US retail sales in July were much stronger than expected, rising by 1% m/m in nominal terms. That compared with flat activity a month earlier and expectations of a 0.4% gain. Core retail sales, which feeds into calculations of GDP, rose by 0.3% m/m compared with expectations of a 0.1% gain. The strong performance of consumer data is pushing back against fears that the US is poised to imminently enter a recession after weaker jobs numbers were released earlier this month. Weekly jobs numbers also showed some improvement with initial jobless claims for the week of August 10 dropping to 227k from 233k a week earlier while continuing claims also declined. Markets are continuing to pare their rate cut expectations for September further away from 50bps.
The UK economy expanded by 0.6% q/q in Q2 2024, slightly slower than 0.7% recorded in Q1 but much stronger than levels recorded in 2023, when the UK entered a recession in the second half of the year. Consumer spending rose by 0.2% q/q in Q2, down from 0.4% in the prior period, while fixed capital formation—investment—rose by 0.4%. In terms of contribution to growth, capital formation was the largest share while net exports were a drag on overall growth thanks to a strong rise in imports. The Bank of England is likely to cut rates later this year which should provide more tailwinds for the UK economy while wage growth continues to be positive in inflation-adjusted terms.
Inflation in Saudi Arabia was marginally faster in July at 1.53% y/y, up from 1.5% a month earlier.
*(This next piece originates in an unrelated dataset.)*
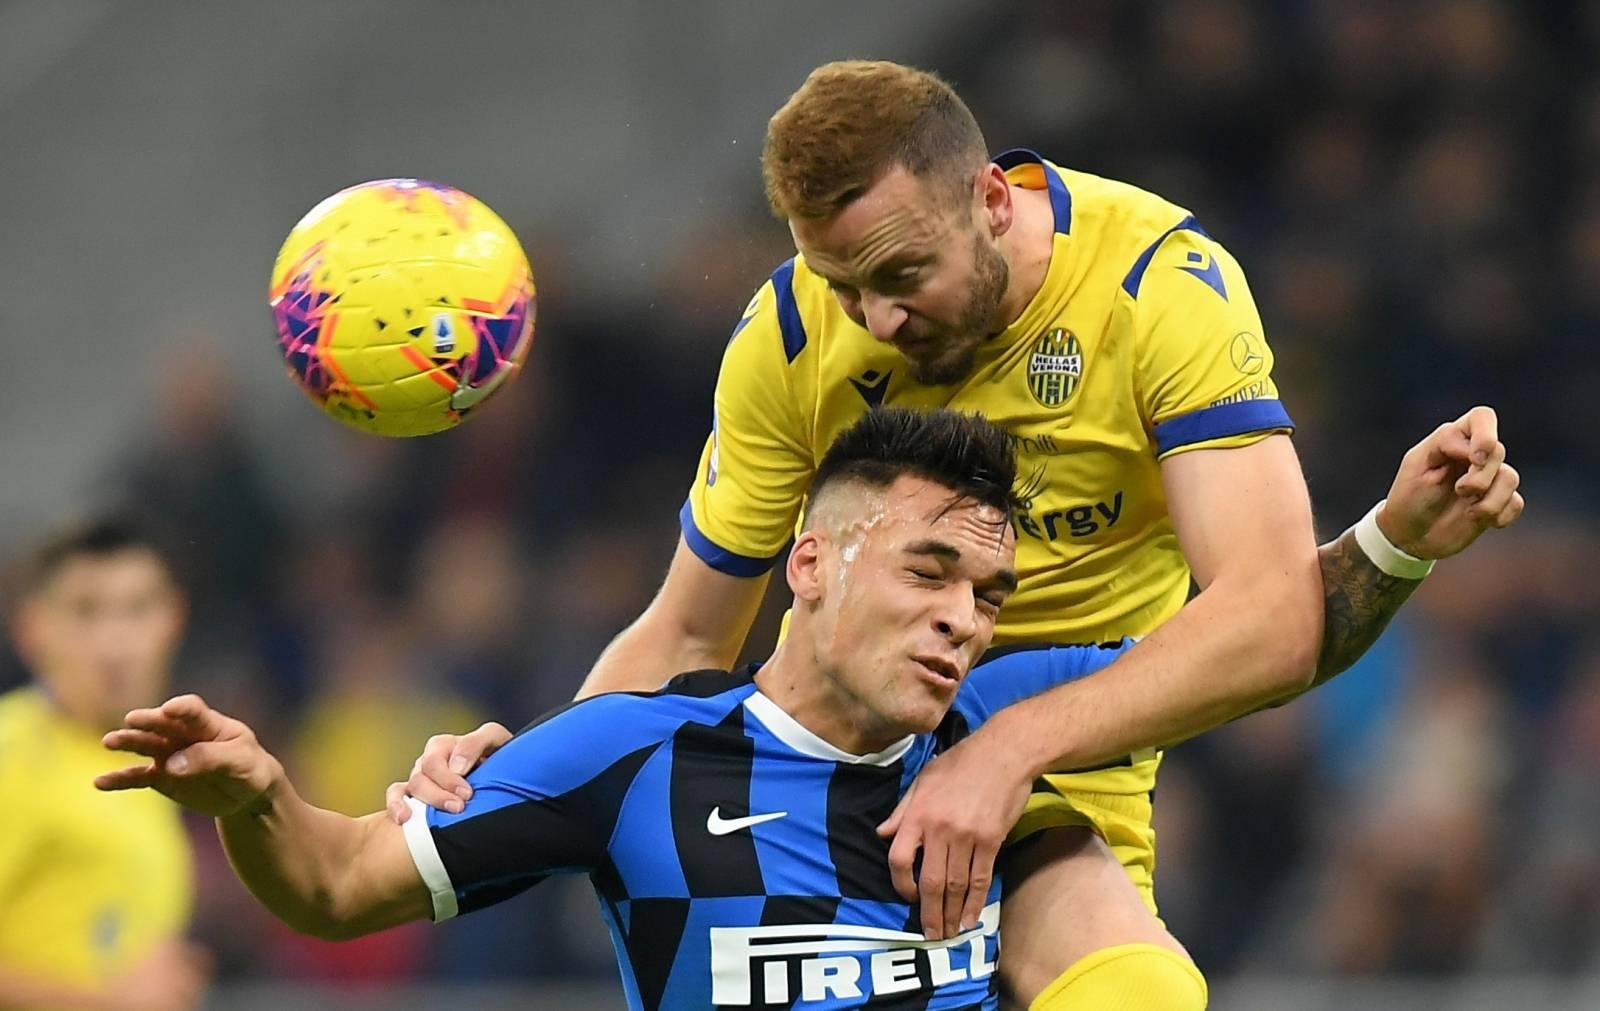 Serie A - Inter Milan v Hellas Verona

On a monthly basis, prices were up 0.1%. As has been the consistent trend this year, housing and utilities have been the big drive of inflation with the subcomponent of the CPI basket up 9.3% y/y in July. Rental prices in particular were up by 12% according to the General Authority for Statistics. Food prices were up 0.4% y/y while transport and communication costs were both lower.